Amir: But the old infrastructure will still be useful for other things. In five years everything will be different, but it also won’t. The reality is most stuff is heuristic for local optimization. Humans cannot do global optimization because we can’t think about everything at once. LLMs may not have that limitation. Can we break the barrier between different optimizations and co-optimize multiple things together?
Benjamin: Look at Claude on Chrome, it’s so inefficient. It has to use hacks and debug tools just to do what it needs to do. Maybe we need to go back and redesign applications from the ground up for that reality.
Jovan: What should we watch out for with agentic hardware co-design?
Amir: Simulation takes a long time, and we’re dealing with much more open-ended problems. We’re not looking at one specific metric, we’re looking at tradeoffs. Evaluation length is incredibly challenging. For system problems, it’s not only IPC that matters. There are so many different signals to consider.
Joseph: Accuracy is hard. We need hardware that is 100 percent correct. If we use LLMs for hardware design, it introduces a lot of bugs.

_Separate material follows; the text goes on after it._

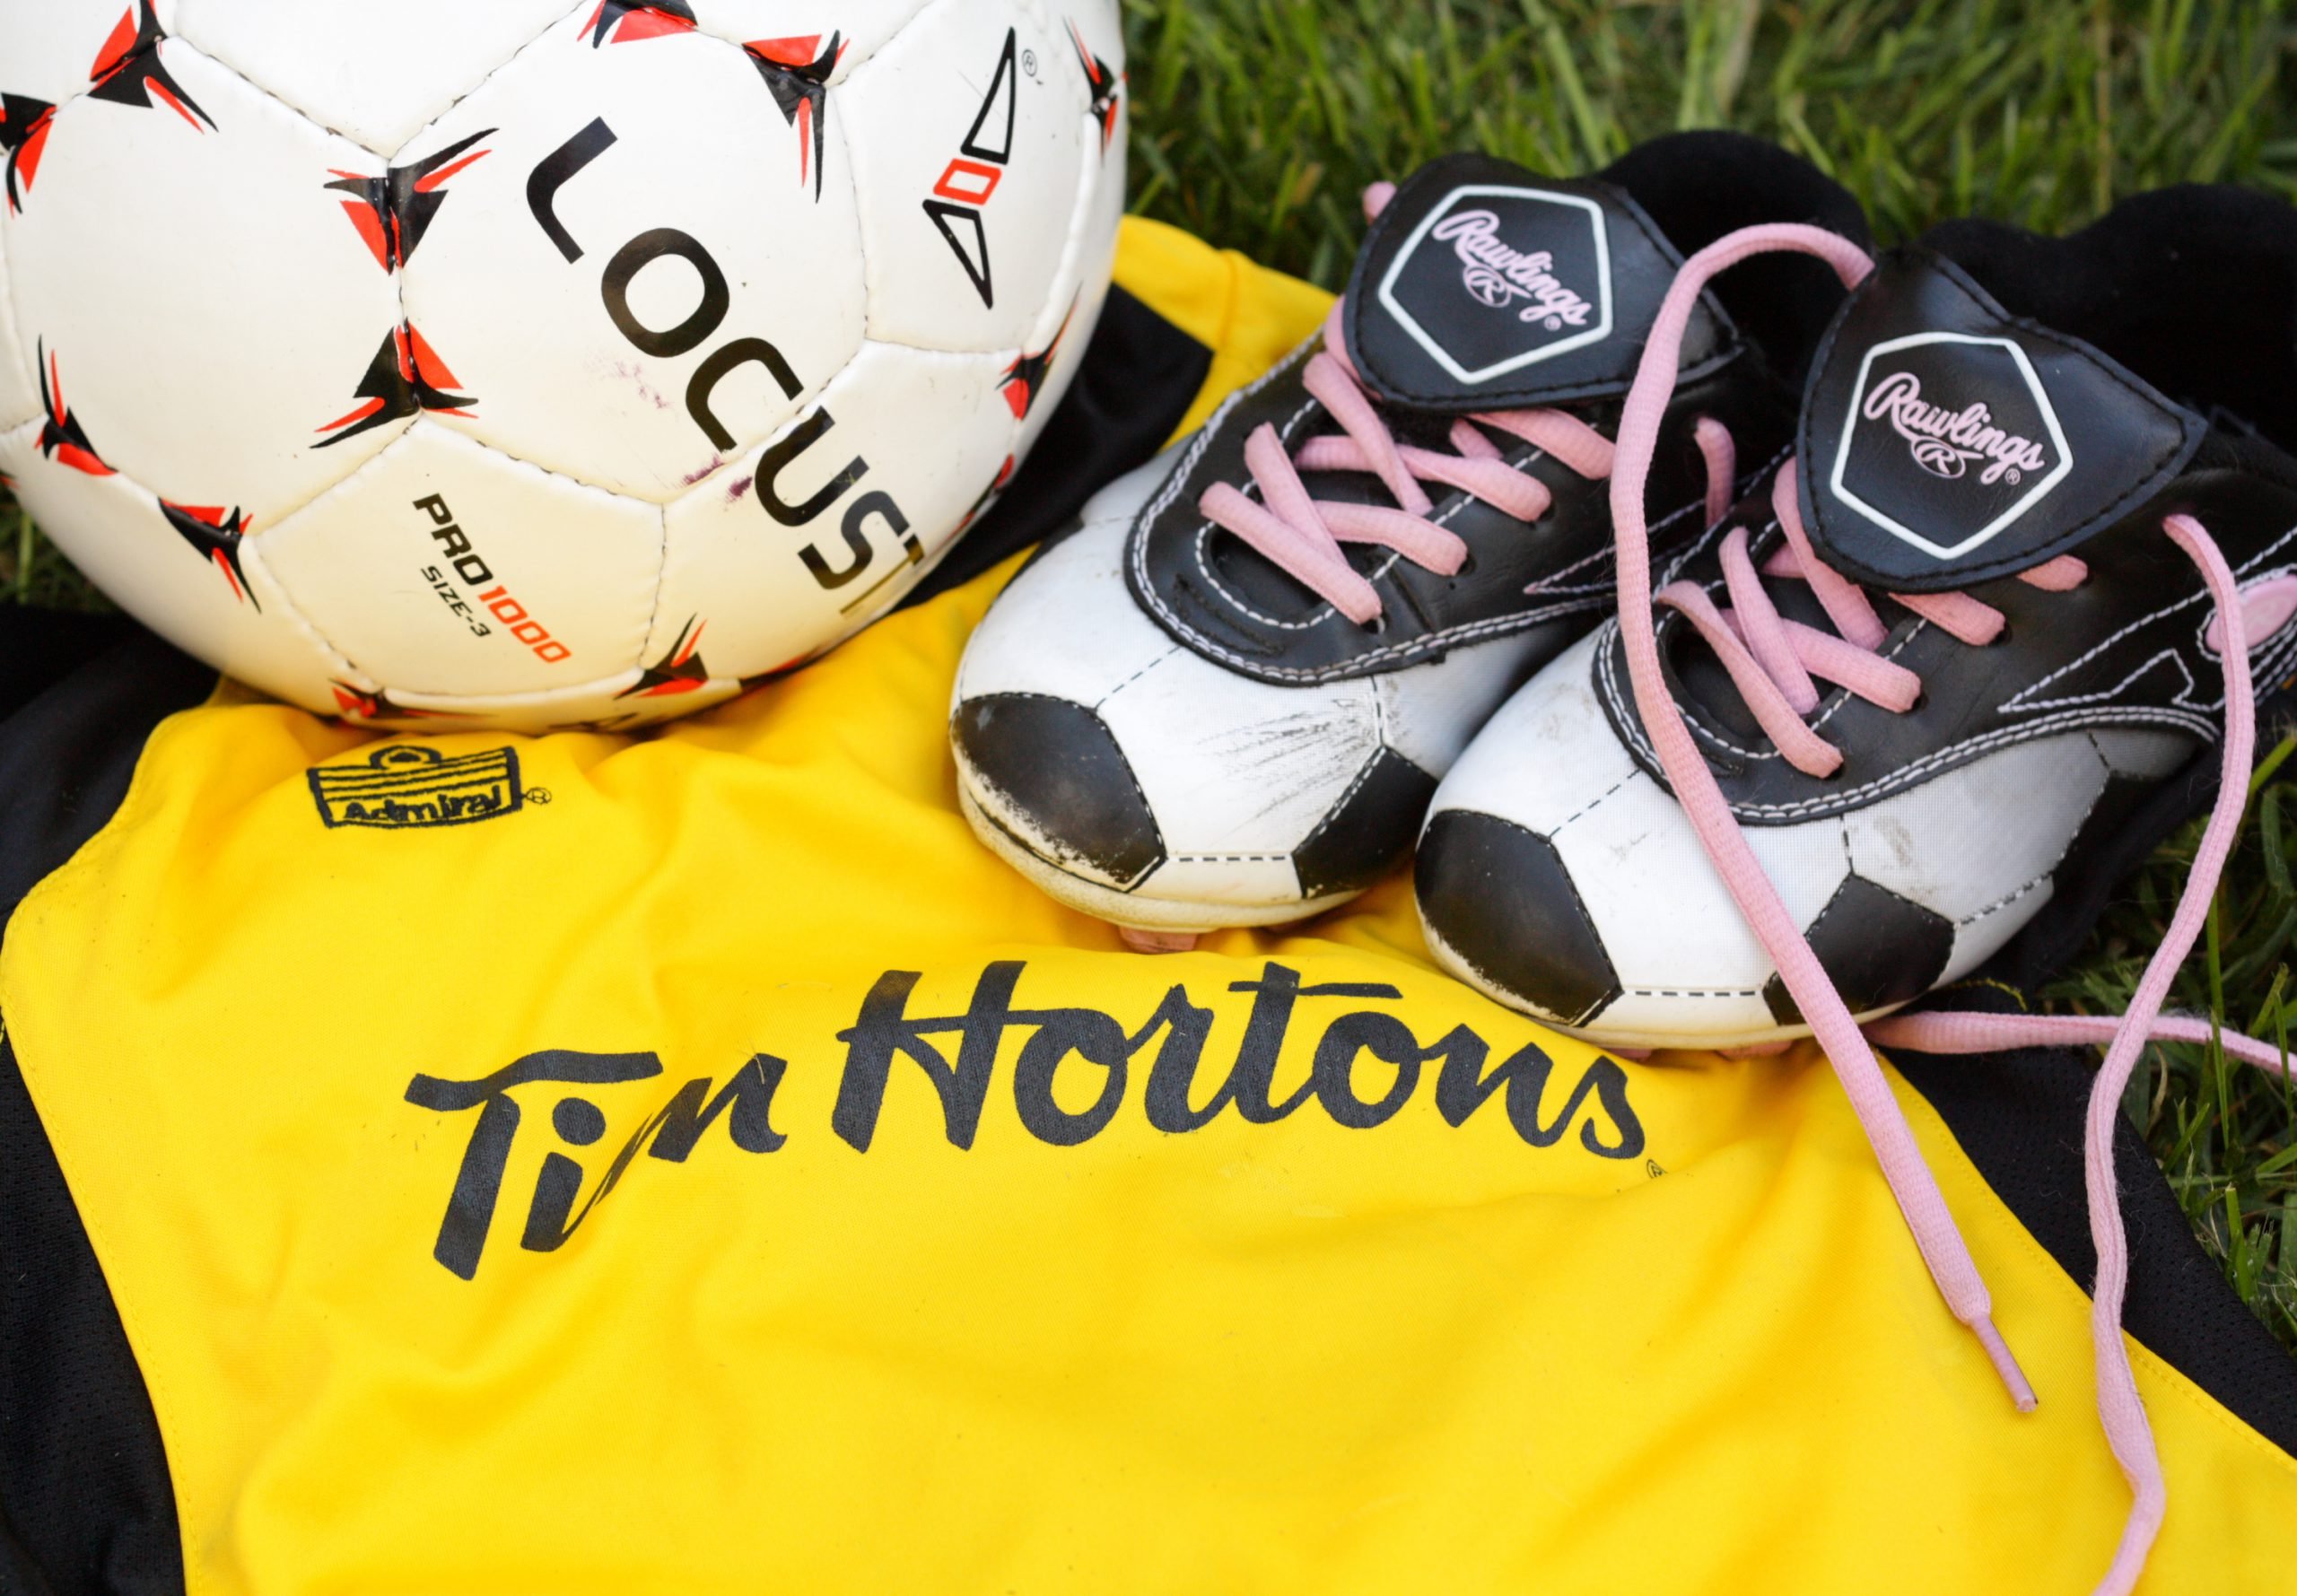 Fußball Trikot mit Sponsor Logo|Aston Villa Trikot für Kinder|Wolverhampton Wanderers Trikots mit W88 Sponsoring

Amir: Verification is really, really challenging.
Jovan: Let me ask for some advice for junior researchers.
Benjamin: The bar for acceptance at research conferences needs to go higher. We need more fundamental, interesting, and groundbreaking work. What questions can we ask that an AI can’t answer given enough time? We need to get people thinking about system organization as opposed to just building another widget. Don’t ask questions with a huge audience trying to answer them.
Joseph: Every ten years brings different challenges. That’s just the nature of this field.
Chaojie: And delegate appropriately. Know what to hand off and what to own.
Amir: Should we know the fundamentals or not? This is the paradox we face. I think this is the best time to know the fundamentals. Microarchitecture is so old, but defining research questions is getting so much harder. How do we teach with LLMs to be used productively by students? That’s the real challenge we need to solve.